Some Thoughts on The Notebook


**WARNING: SPOILERS AHEAD!**

After years of waiting, I finally got to watch one of the most popular tear-jerks among the ladies (probably guys too, though most guys I know seem to shun the movie): The Notebook. It is based on a novel written by Nicholas Sparks, who was inspired by the true love story of his wife's grandparents.

Instead of just tears welling, I cried my heart all out.

Then I came across this article online. The author claims that the story is unrealistic, unfair to the guys, and corrupting the girls to cheat on their steady partners.

Does romantic drama really ruin our love lives? Is The Notebook a really bad example that over-emphasises the passion of love? Is it right to leave a good and steady partner for the pursuit of "true love"? But what is "true love" in the first place?

Though I cried my eyeballs for the movie, somehow I have to agree with the said article. In fact, the real tear-jerking scenes to me are: firstly on the part of Lon's love and acceptance over Allie's affair; secondly on the scene when elderly Allie regains her memory with the help of elderly Noah; and finally, on the scene where they rest in peace hand in hand (which is similar to a scene of an old and unknown couple in Titanic).

Yes, the love between Noah and Allie is probably great and romantic, but they only prove themselves in the end after going through all ups and downs together. All they have for the summer is not real love but mere limerence, which usually does not last very long when the reality kicks in. According to Wikipedia, limerence is "an involuntary cognitive and emotional state of intense romantic desire for another person...". The term is also used to describe "the ultimate, near-obsessional from of romantic love". What does two teenagers know about the meaning of true love? In fact they are not even very compatible to start with. They often fight for their differences, verbally and physically. While Noah is just a simple and soft-spoken country boy, feisty Allie comes from a well-to-do family and she is on her way for top education. That is so vividly depicted during their very first unsuccessful attempt for intimacy. Allie attempts to romanticise the sensational feeling with words but Noah is never so articulate.

OK, 7 years have passed. Does time does not mend a broken heart? The story goes on to say that Allie is in love again with Lon. Lon is almost a perfect guy every girl will dream of. He is smart, handsome and charming. Not a bum but a lawyer who is supposed to inherit his family' wealth one day. The best part is, he is loving and loyal to Allie too. He is willing to forgive and forget about how Allie cheats on him.

Now it comes the hardest decision ever, which guy would you ultimately choose given similar situation and based on all available information, barring all future unforeseeable changes of characters or circumstances?
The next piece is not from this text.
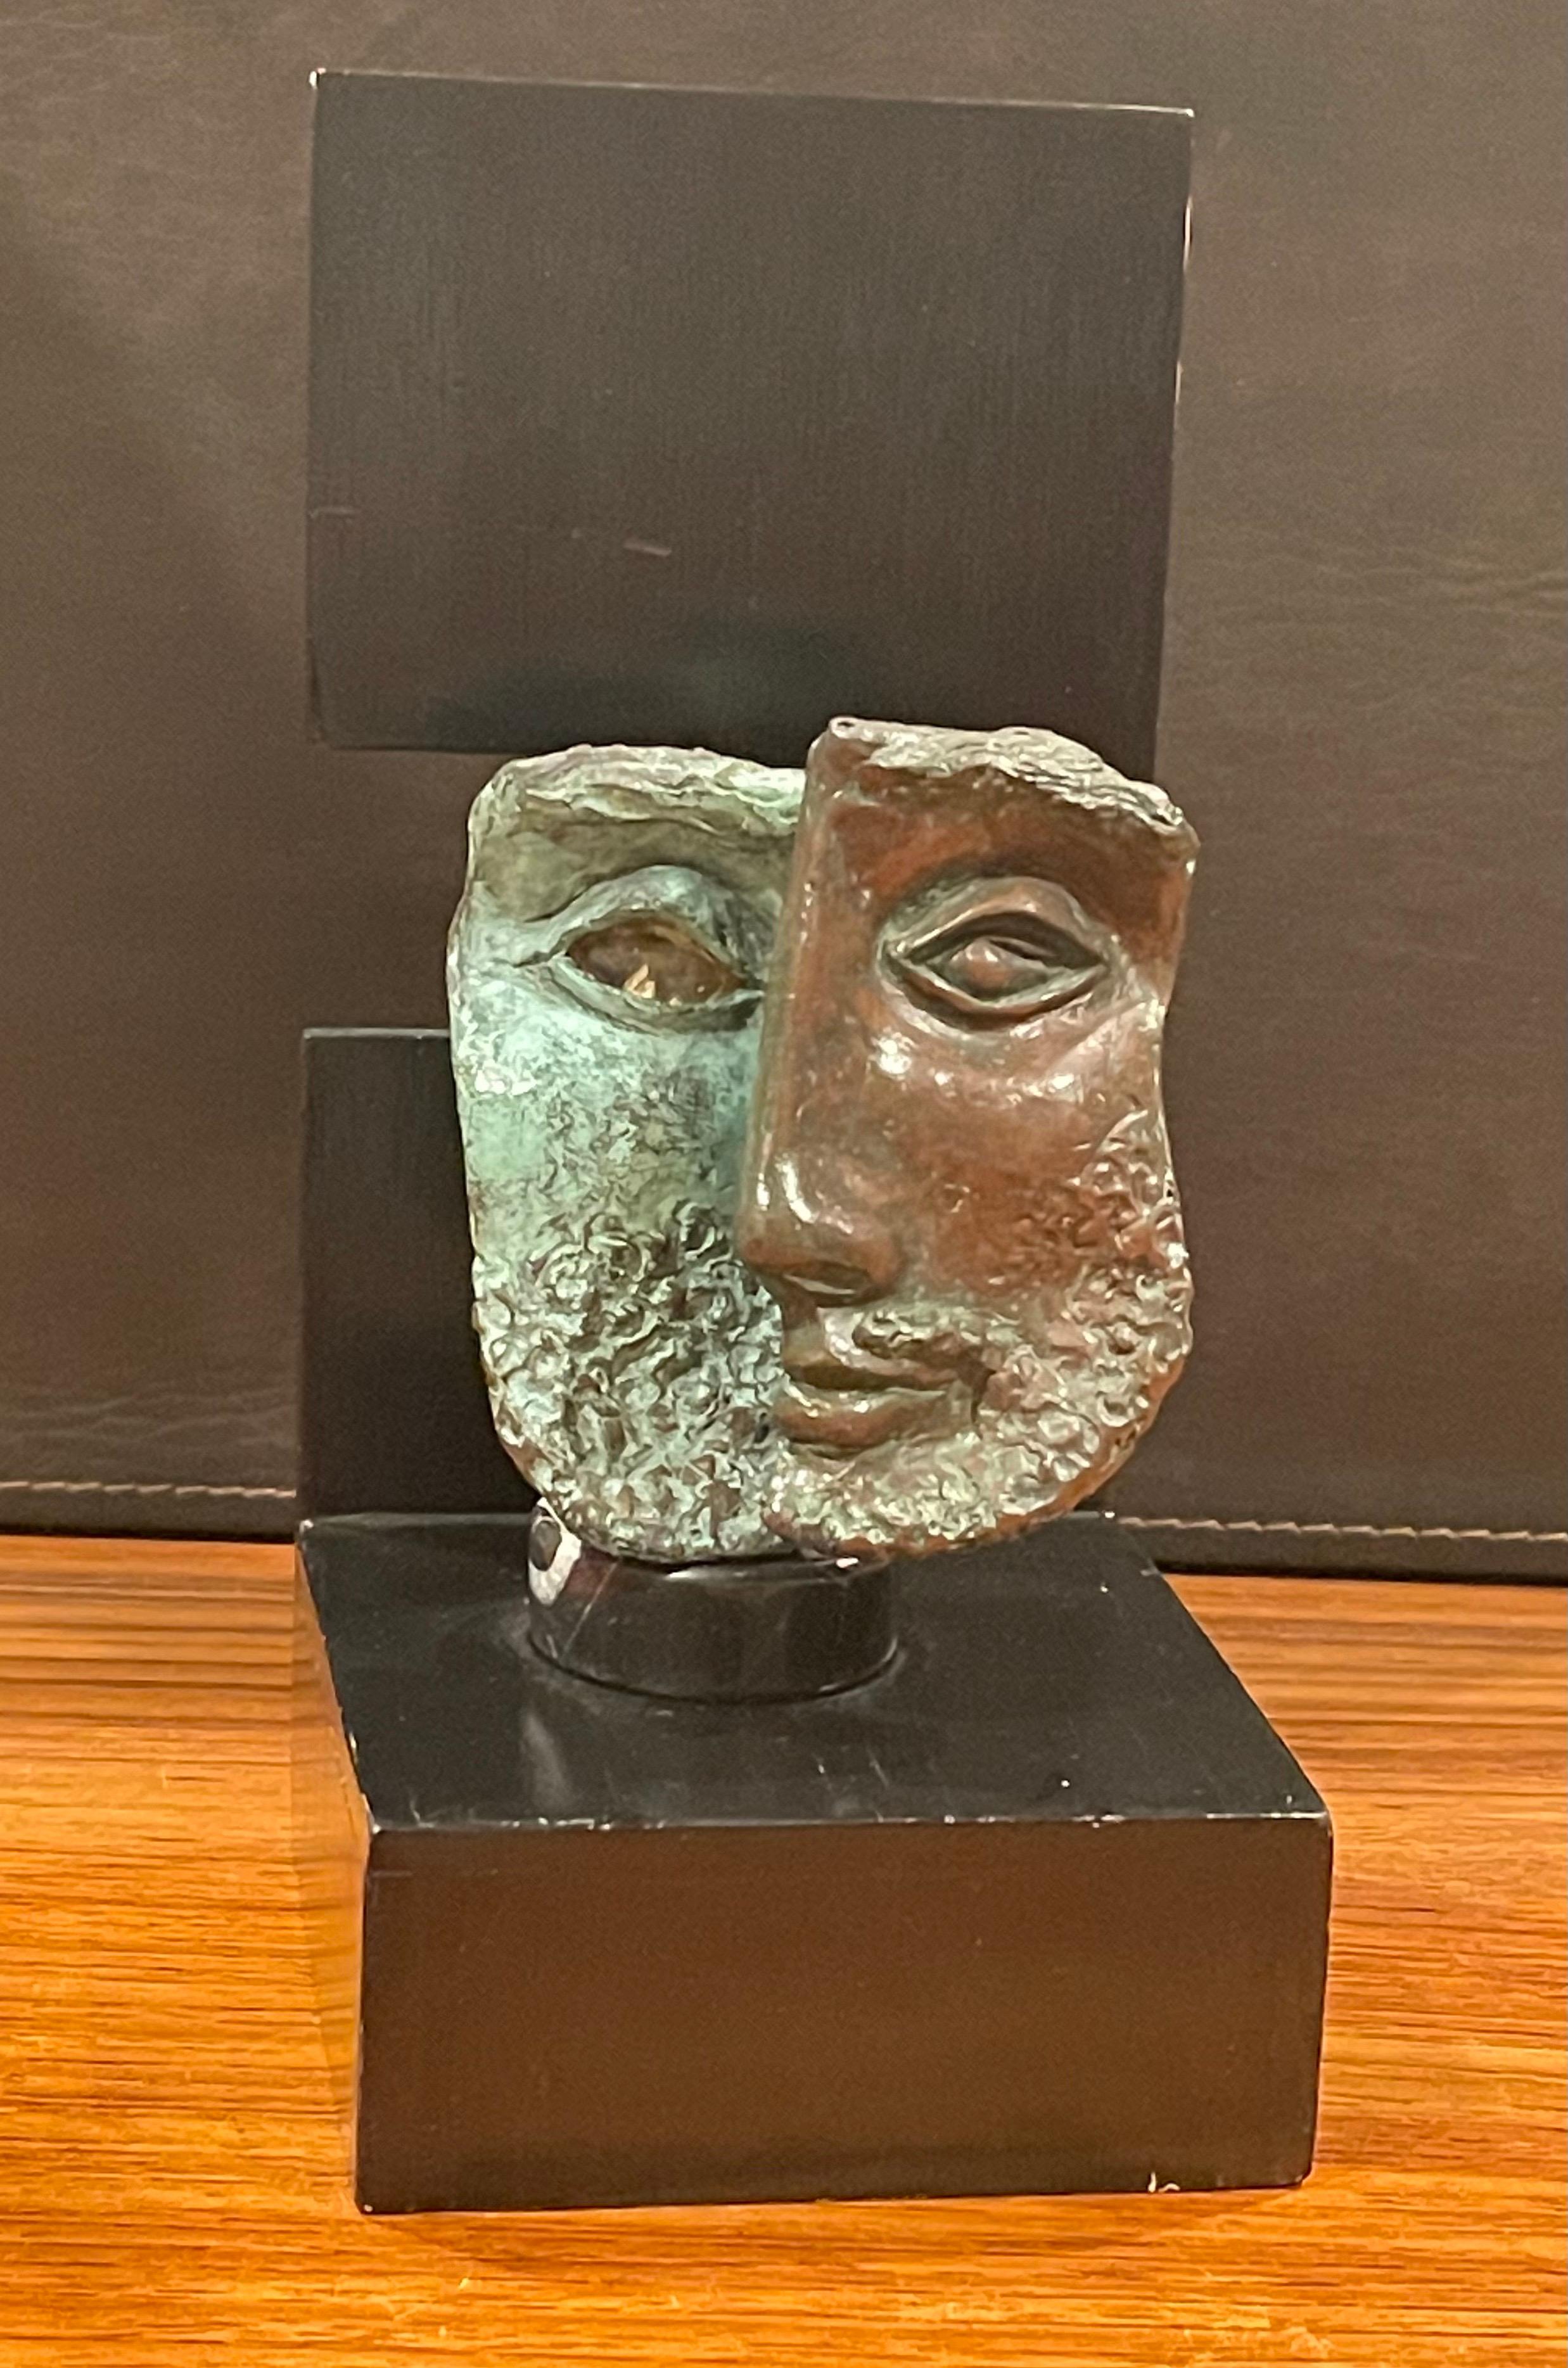 Modernist patinated bronze sculpture on a black wood base, circa 1960s. The piece has a 3-dimensional face (Julius Ceasar?) in bronze that is mounted to a small marble disk and the attached to a black wood base. The face is presented in two separate

Frankly speaking, if I were Allie, I would go for Lon. But then again, there is nothing right or wrong. I am just making a calculated decision.
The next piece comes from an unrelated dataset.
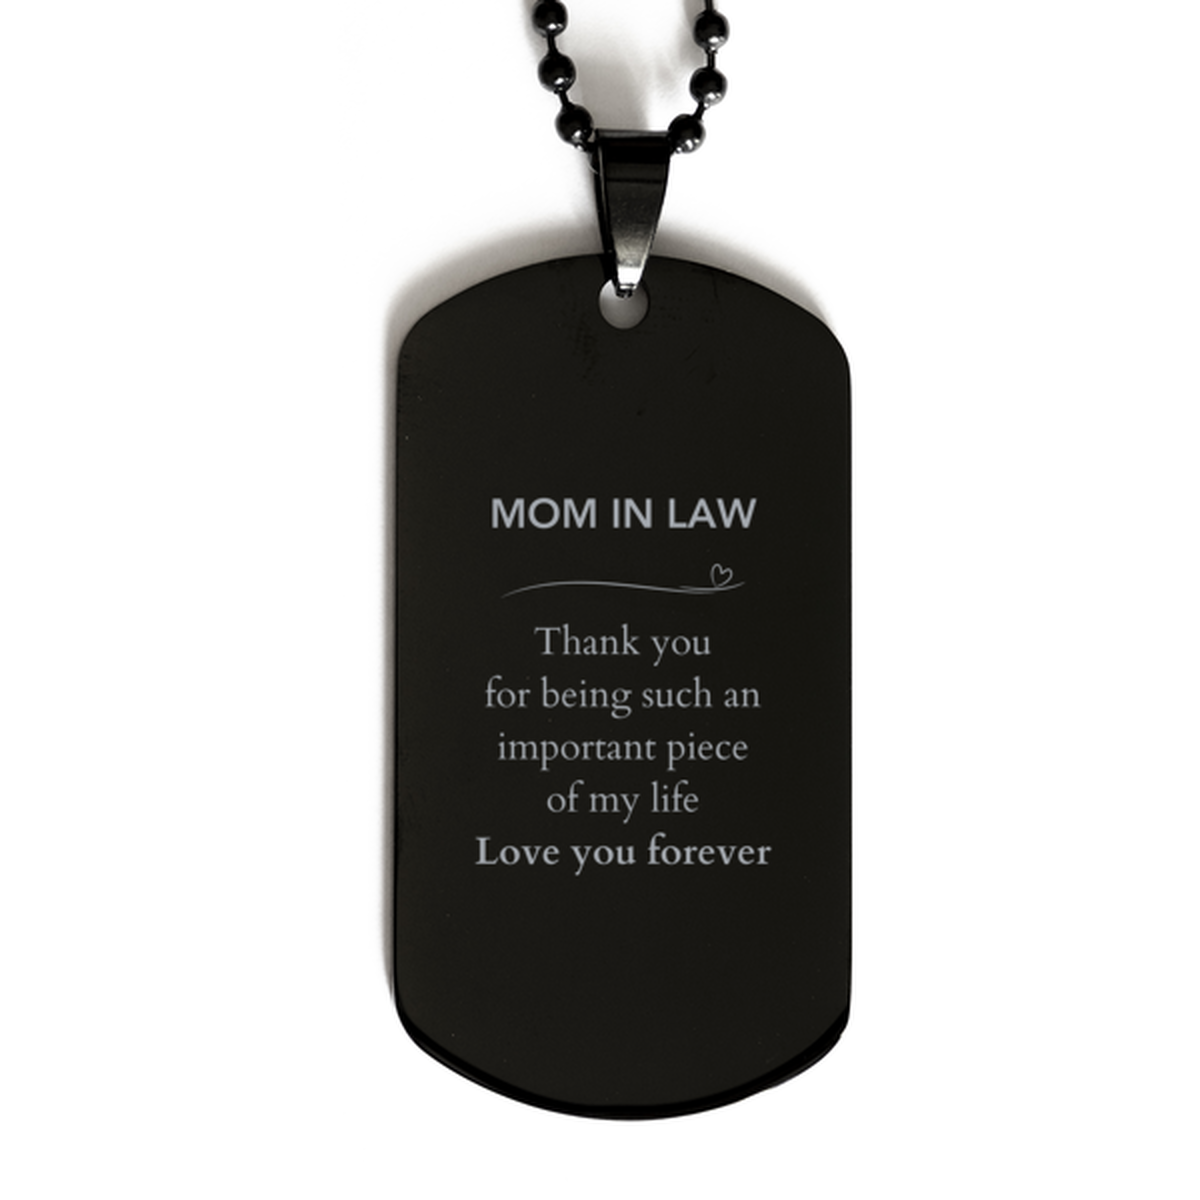 Appropriate Mom In Law Black Dog Tag Epic Birthday Gifts for Mom In Law Thank you for being such an important piece of my life Mom In Law Christmas Mothers Fathers Day

Experience has it very clear not only for me, but many other girls too. Time not only mends a broken heart, it changes personalities and preferences too. You may not have the same passion for the same person. One may not appreciate a computer geek at her young age but she may end up loving and marrying one ultimately.
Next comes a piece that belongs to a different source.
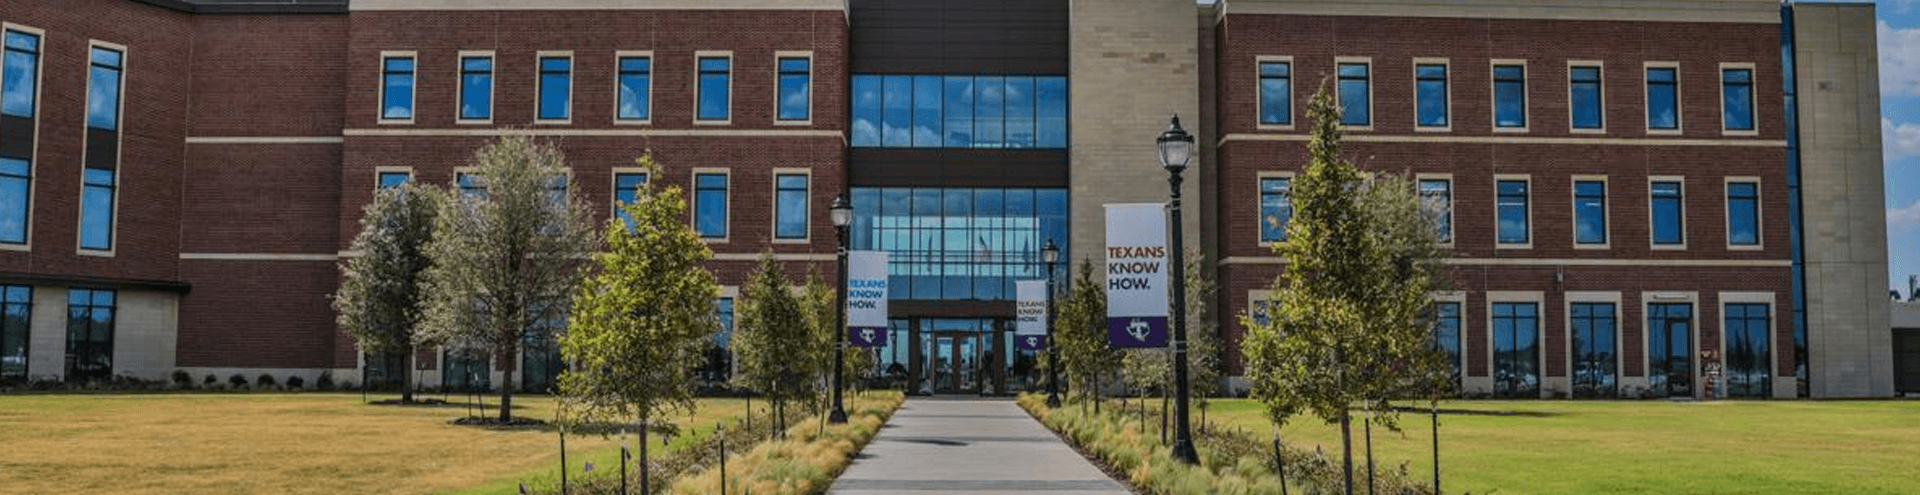 75 Off Tarleton State University Book For 2021 Bscouponscom

Allie's mother may be seen as "evil" (for some hopelessly romantic girls, perhaps) but it is all out of motherly love and protection for Allie. One of neighbours actually did something similar to separate her son and a "cougar" (many years older). The "cougar" was alleged to be not only seducing the son but eyeing his family wealth, with the aid of black magic. The mother had to send her son many thousand miles away from home for years. But now, I heard the son is happily married with another girl.

I think Allie has gambled her life off on the option that may offer the least probability of winning. Think about it. Yes, Noah is a gifted builder but he has no identifiable source of income. He seems to be easy to take on any woman available though he has no love for her.

Allie is a lucky girl. Everybody in the show loves Allie. It is great that Noah loves her enough to accept her spoiled character and work hard for the family. If Noah continued to be a bum or work in the factory, if they continued to fight due to any compatibilities, their relationship might be doomed. Just like any other financially-strained families. After the limerence inevitably dies off, all that is left in a marriage is bonding, relationship and responsibilities. Those elements require insurmontable effort, patience, and compromise to be built up, not mere limerence or hot sex for the moment. True love emerges at challenging times. That a couple stays together through all thick and thin.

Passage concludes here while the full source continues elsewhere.